Migrant Stories


Martin Hájek (martin.hajek@fsv.cuni.cz)
Jiří Mírovský (mirovsky@ufal.mff.cuni.cz)
Barbora Hladká (hladka@ufal.mff.cuni.cz)


Migrant Stories is a corpus of 1017 short biographic narratives of migrants originally published on https://iamamigrant.org/stories/. For the original site, the narratives had been adapted by people or organizations submitting the particular story and eventually selected for publication by The International Organization for Migration (IOM, the UN organization providing help for migrants).
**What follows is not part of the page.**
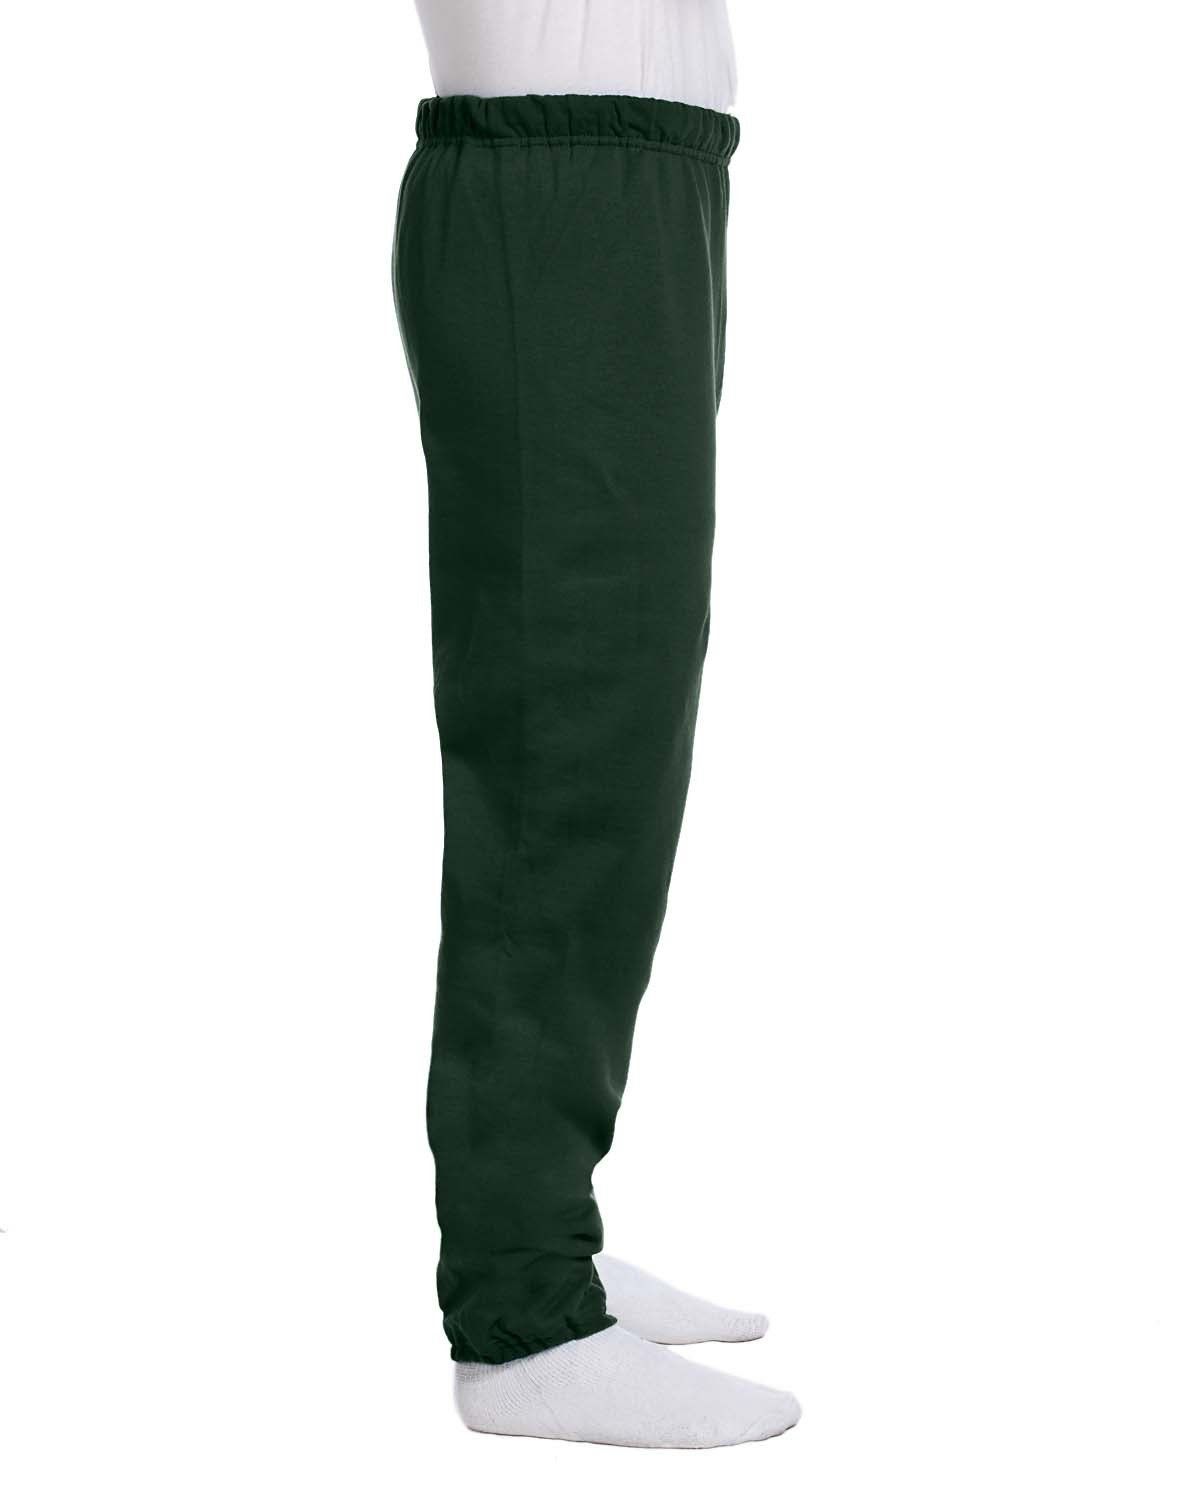 Adult 8 oz. NuBlend® Fleece Sweatpants

It is a very heterogeneous sample of migrants' stories and cannot be taken as representative or unbiased sample of migrant experiences over the world.
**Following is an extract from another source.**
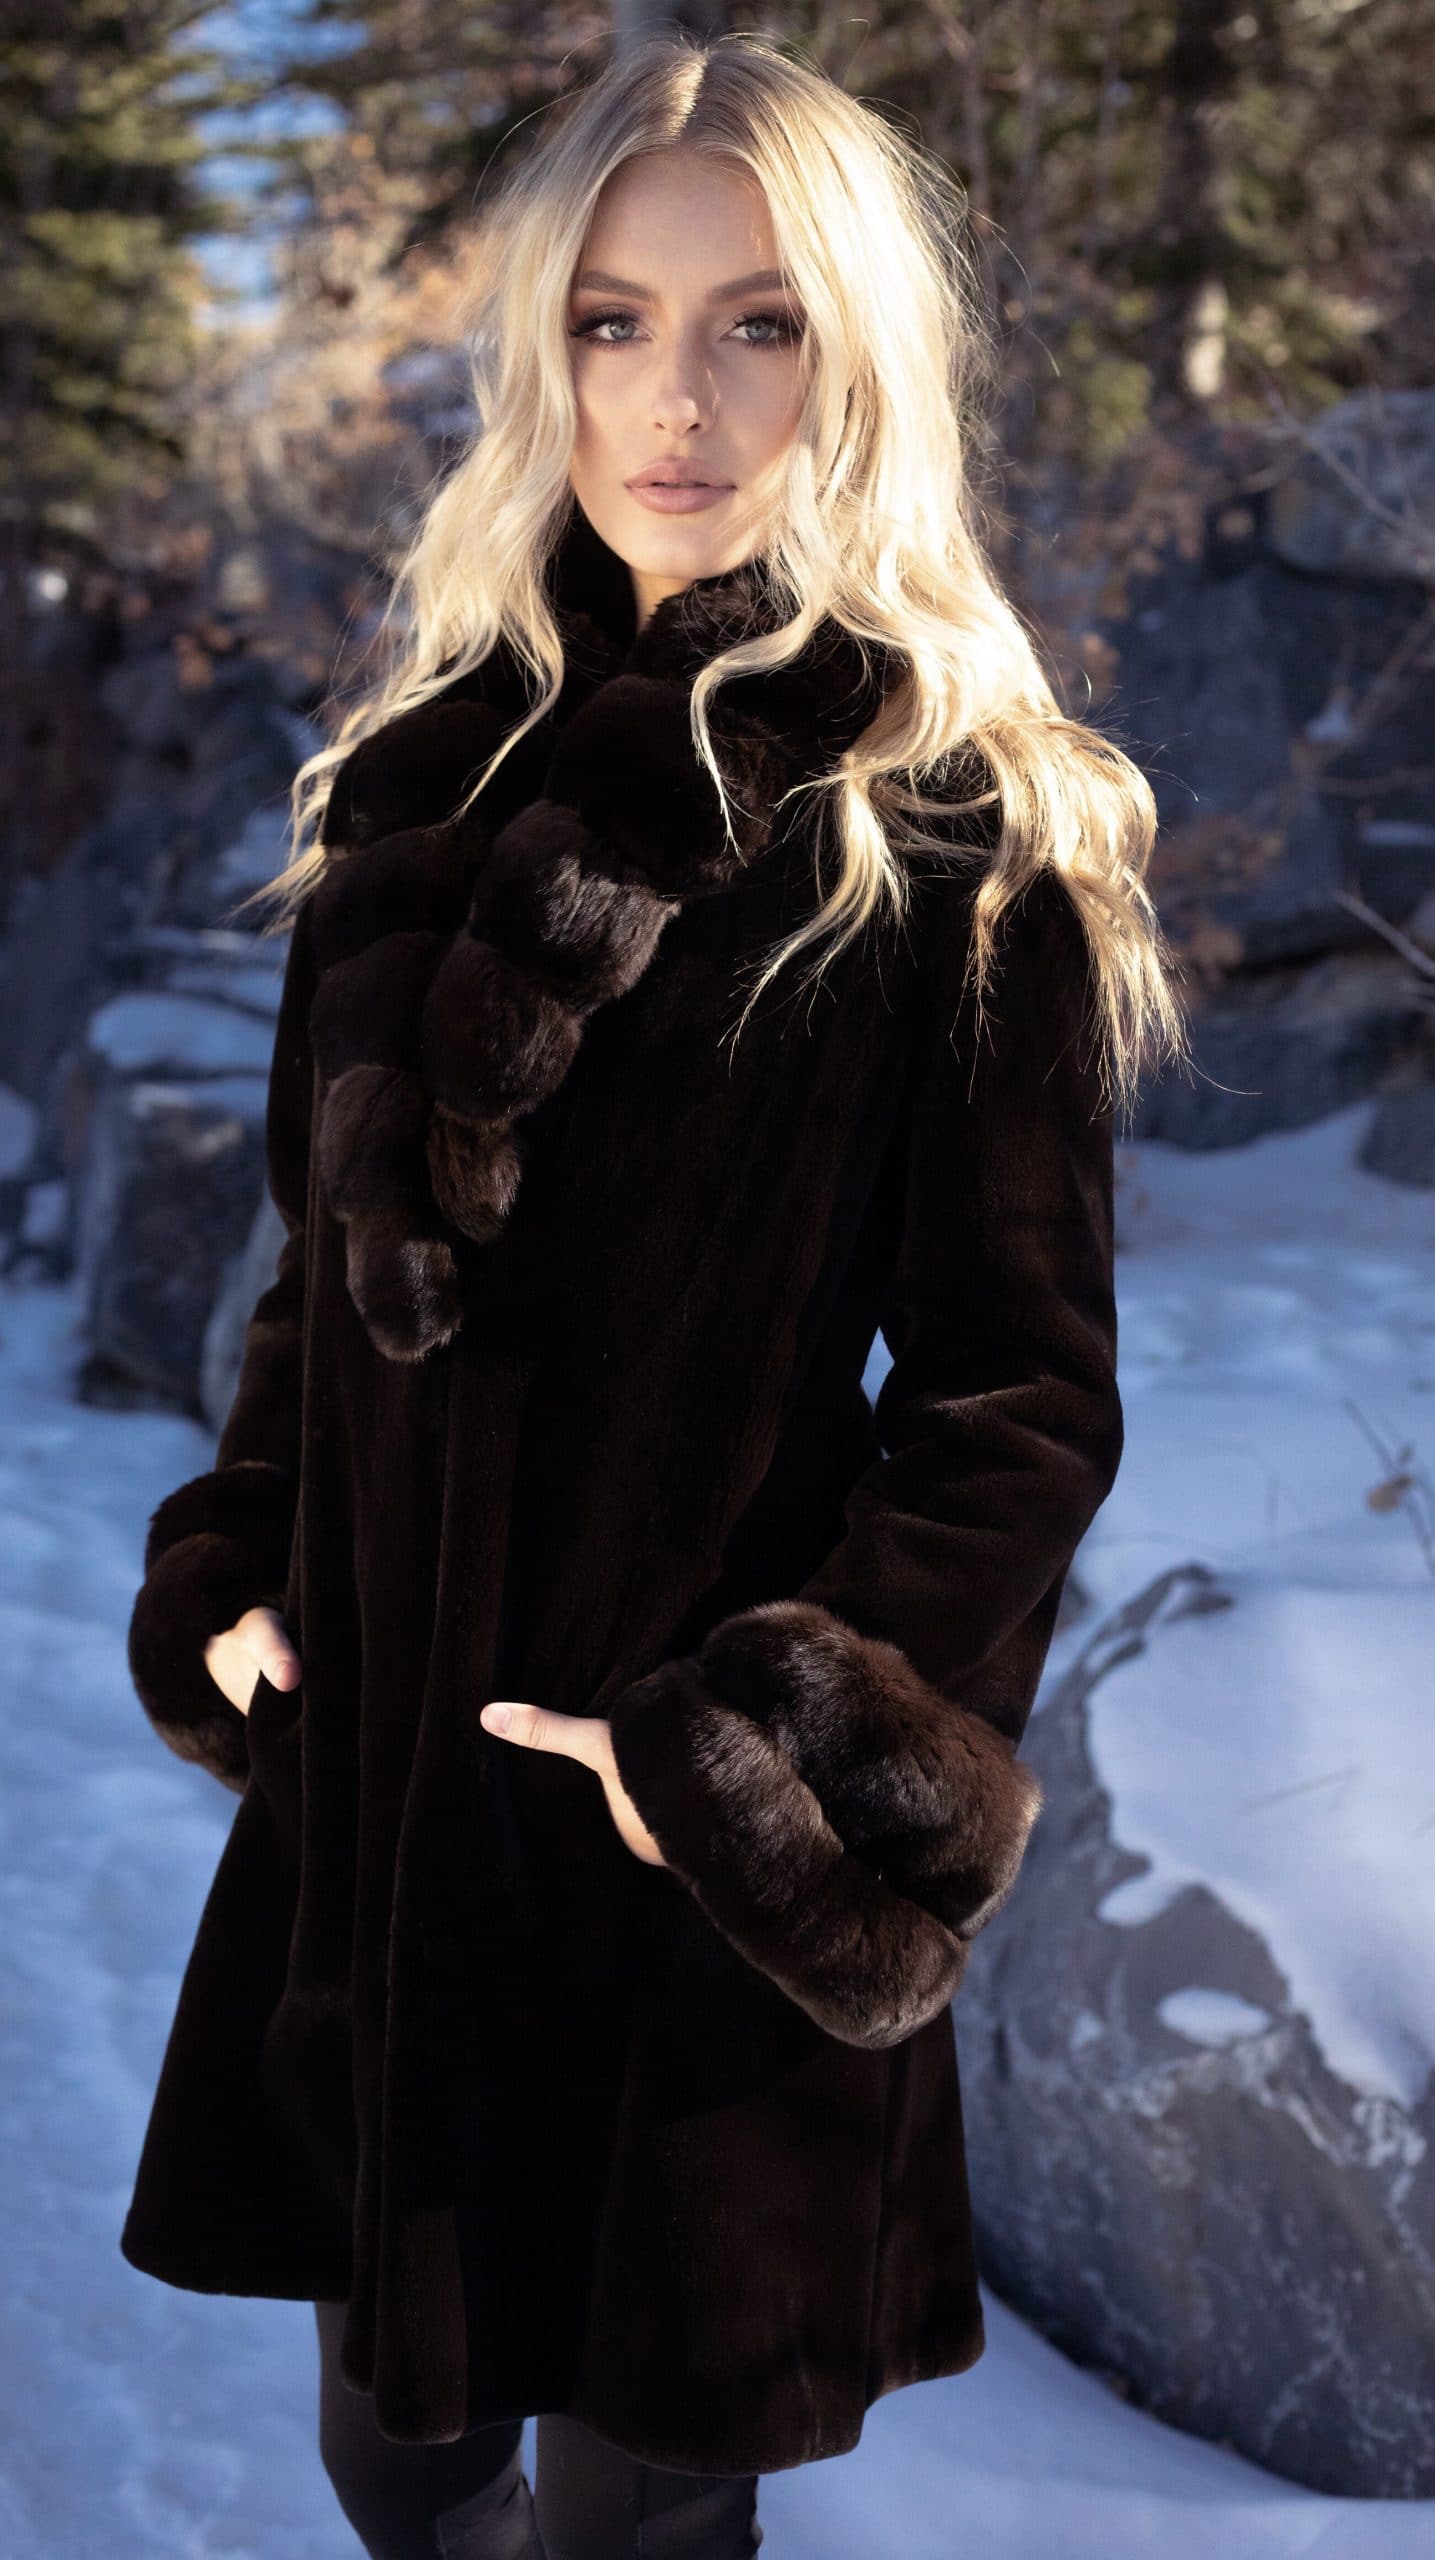 Sheared Sapphire Mink Fur coat with chinchilla collar

In the Migrant Stories corpus, the narratives have been supplemented with meta information about countries of origin/destination, the migrant gender, GDP per capita of the respective countries etc., see below for details.

The Migrant Stories corpus was compiled for students in the course NPFL134 (Data Analytics for Students of Social Studies and Humanities) at the Institute of Formal and Applied Linguistics in the summer semester of 2022, as a teaching material for data analysis.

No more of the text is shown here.